Penalty Weights in QUBO Formulations: Permutation Problems

TL;DR

This paper investigates how to set penalty weights in QUBO formulations for permutation problems, proposing new static methods that improve solution feasibility and convergence in quantum optimization algorithms.

Contribution

It introduces novel static penalty weight calculation methods for permutation problems in QUBO, enhancing solution quality over existing approaches.

Findings

New static penalty weight methods outperform existing ones.

Improved feasibility of solutions in permutation QUBO problems.

Faster convergence with proposed penalty weights.

Abstract

Optimisation algorithms designed to work on quantum computers or other specialised hardware have been of research interest in recent years.
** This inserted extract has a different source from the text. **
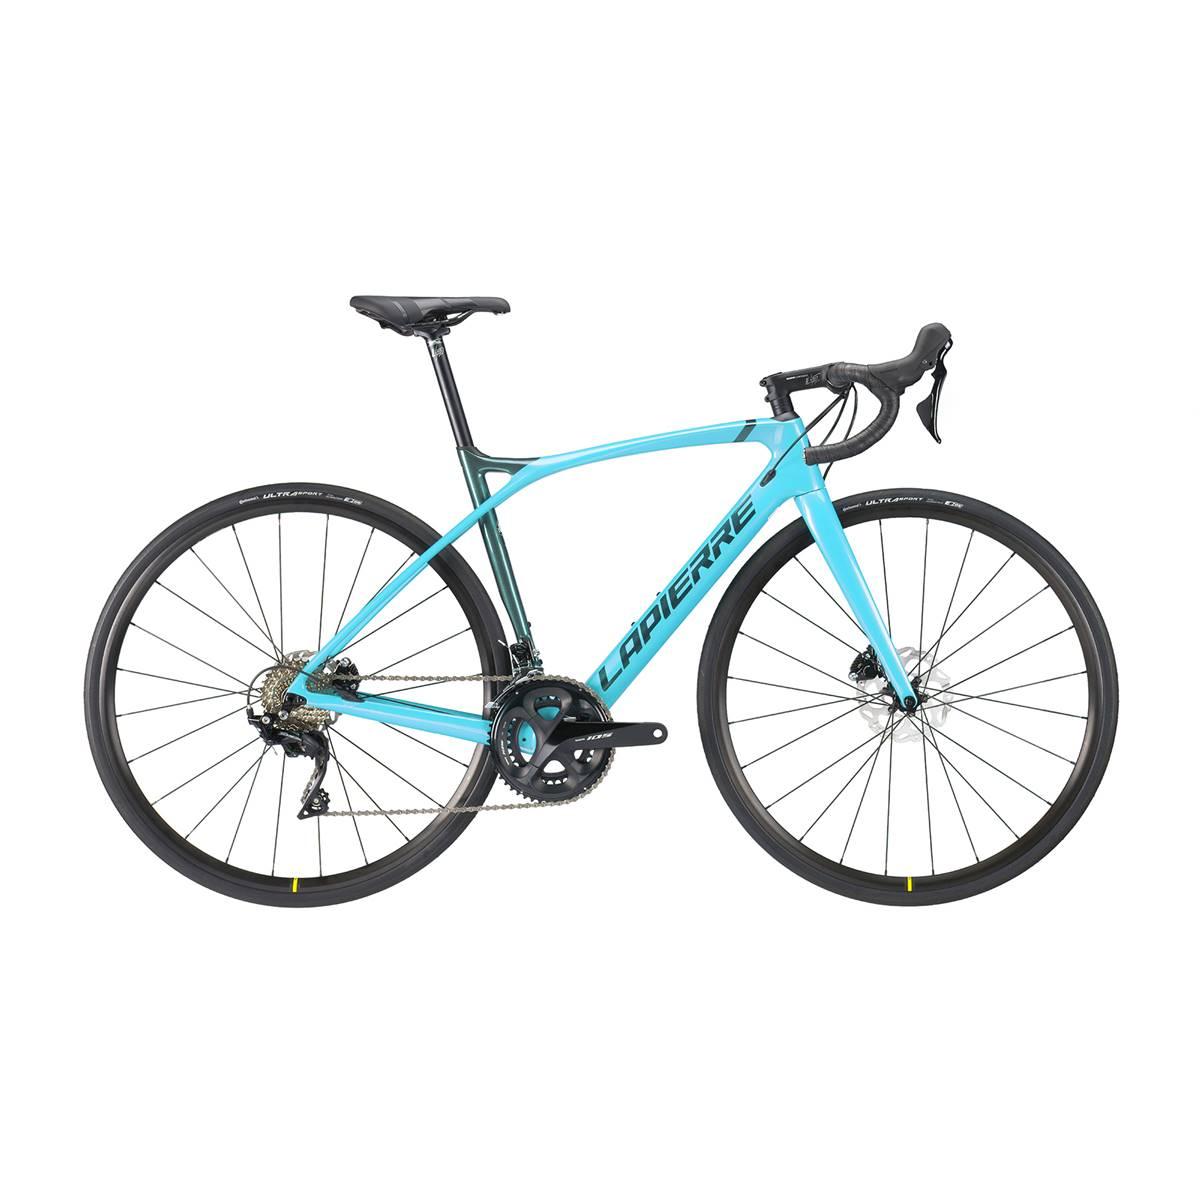 velo route - cyclisme - prix - promo

Many of these solver can only optimise problems that are in binary and quadratic form. Quadratic Unconstrained Binary Optimisation (QUBO) is therefore a common formulation used by these solvers. There are many combinatorial optimisation problems that are naturally represented as permutations e.g., travelling salesman problem. Encoding permutation problems using binary variables however presents some challenges. Many QUBO solvers are single flip solvers, it is therefore possible to generate solutions that cannot be decoded to a valid permutation. To create bias towards generating feasible solutions, we use penalty weights. The process of setting static penalty weights for various types of problems is not trivial. This is because values that are too small will lead to infeasible solutions being returned by the solver while values that are too large may lead to slower convergence. In this study, we explore some methods of setting penalty weights within the context of QUBO formulations. We propose new static methods of calculating penalty weights which lead to more promising results than existing methods.